I have owned both pres . They both sound different. I used the APIs on my drums . The UA pre amp has it's own AD /DA converters plus a compressor for each of the 4 pres so I guess bang for the buck I would go UA. The compressors on this unit are not that great and I really did not like the pres that much. I myself given a choice and the extra money would go with the APIs. The APIs would not be my first choice ,however for vocals. I use an Avalon 737 tube channel strip for most of my vocal work. It would depend on how many tracks you plan to use the APIs on and what you are recording with them, because I find they sound great but they are very hot not all that transparent and have an edge when pushed. Myself, I would use them on rock music but not on classical or acoustic based music. I guess it really comes down to your own taste in what sound you are looking for . Most pro music stores will let you rent or trial gear. I suggest you do that if you can ,then you can find out which one of these you like best. rent,If you have to usually it won't cost you more than @ 50 bucks or so for a few days but that's way better then spending $2500 and finding out you don't like the pre amps. You may even find you like something else better then these two choices.Usually if they know your serious about spending $2500, any good pro music retailer will let you try the units out and compare for free. If they don't, go to someone who will. I always say if you don't get great service before they get your money,good luck getting any after they have your money. Good Hunting.


----------



## JThompson (Feb 18, 2011)

Have you considered a new microphone instead of mic pre?
Microphones are like the "speakers" of the chain- they can make the biggest difference, given that you already have a good quality preamp.

Instead of dropping $2k on more mic pres, have a look at the usual suspects- Manley, Lawson, Neumann etc.

I think you will get more color/flavors out of upgrading your mics.
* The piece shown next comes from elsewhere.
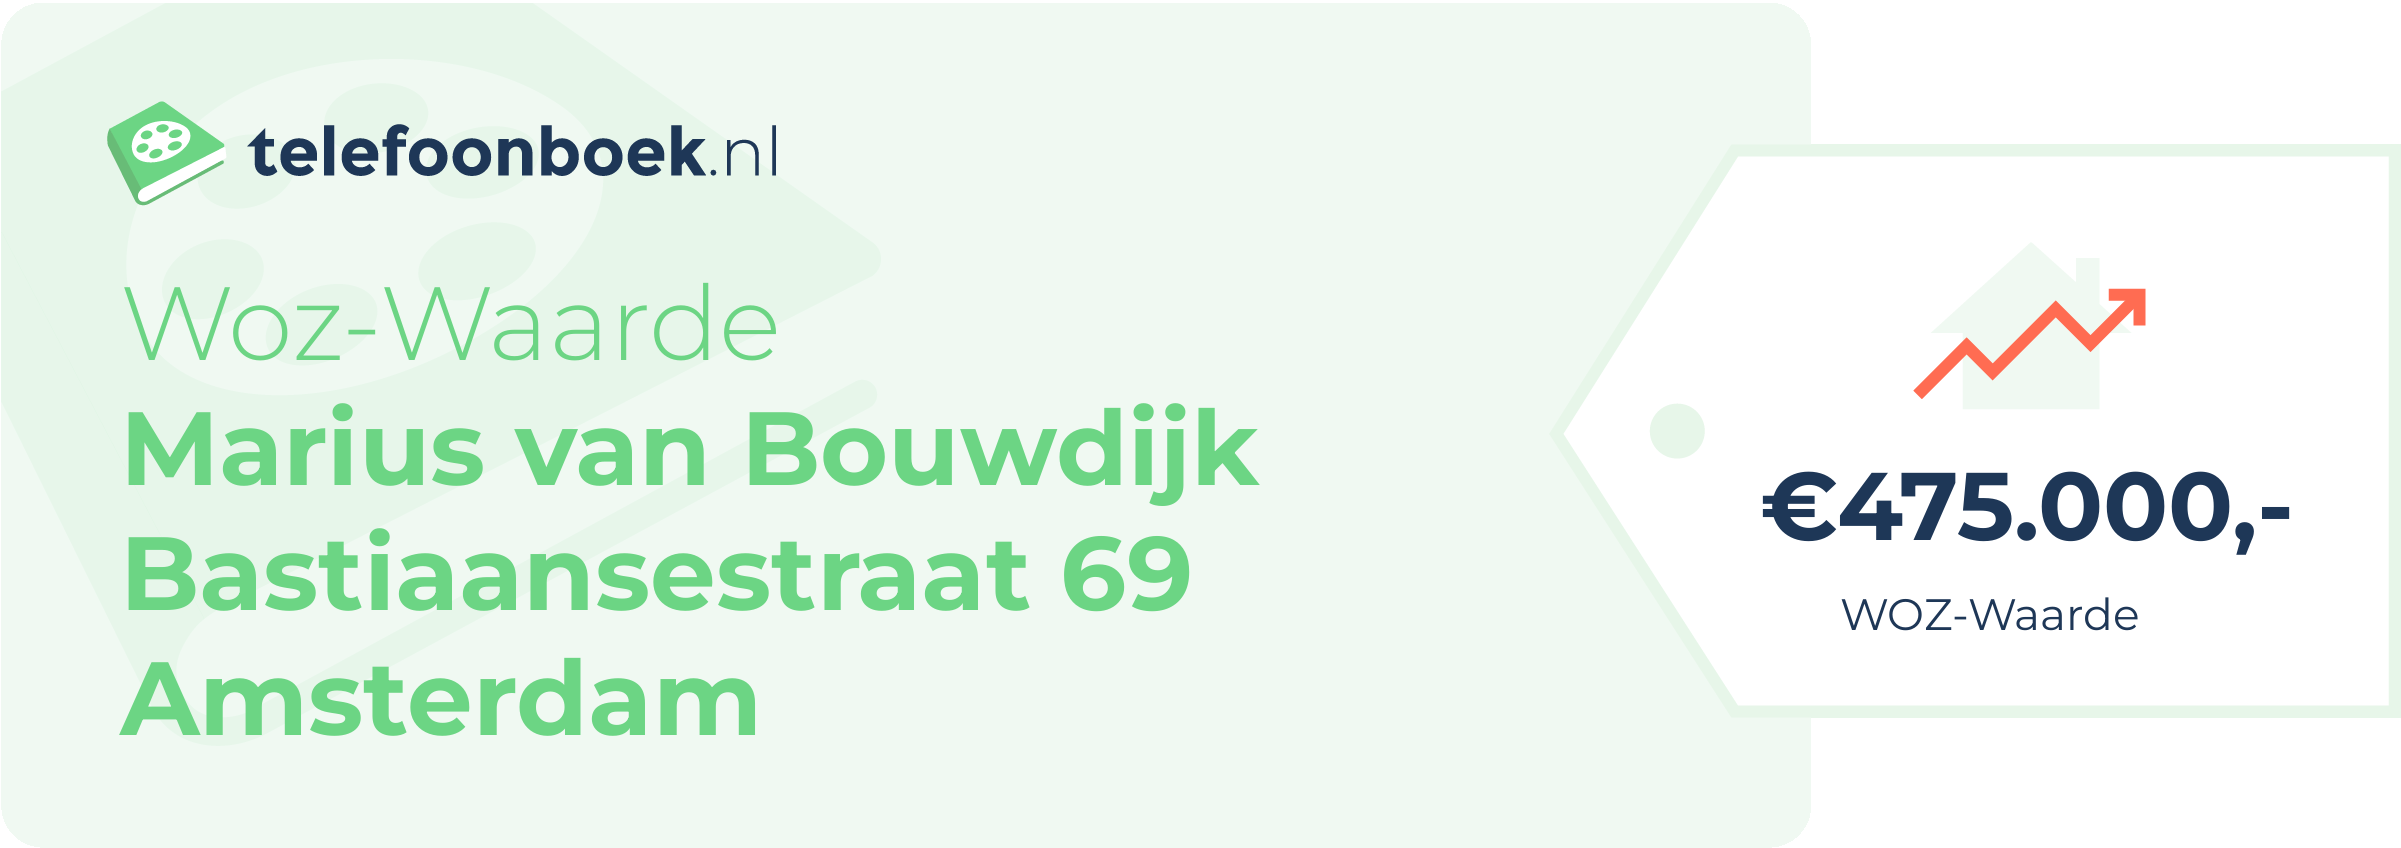 WOZ-waarde Marius Van Bouwdijk Bastiaansestraat 69 Amsterdam

Not trying to make this decision more difficult.:wave:


----------



## DanTheMan (Oct 12, 2009)

I'll second that mic option and not trying to be difficult.

Dan


----------



## maximumav (Mar 8, 2013)

+1 on the mic comment, Its also been my experience that most anything UA or API is a quality product.


----------



## AudiocRaver (Jun 6, 2012)

Although the right kind of front-end compression can add a nice touch while tracking.


----------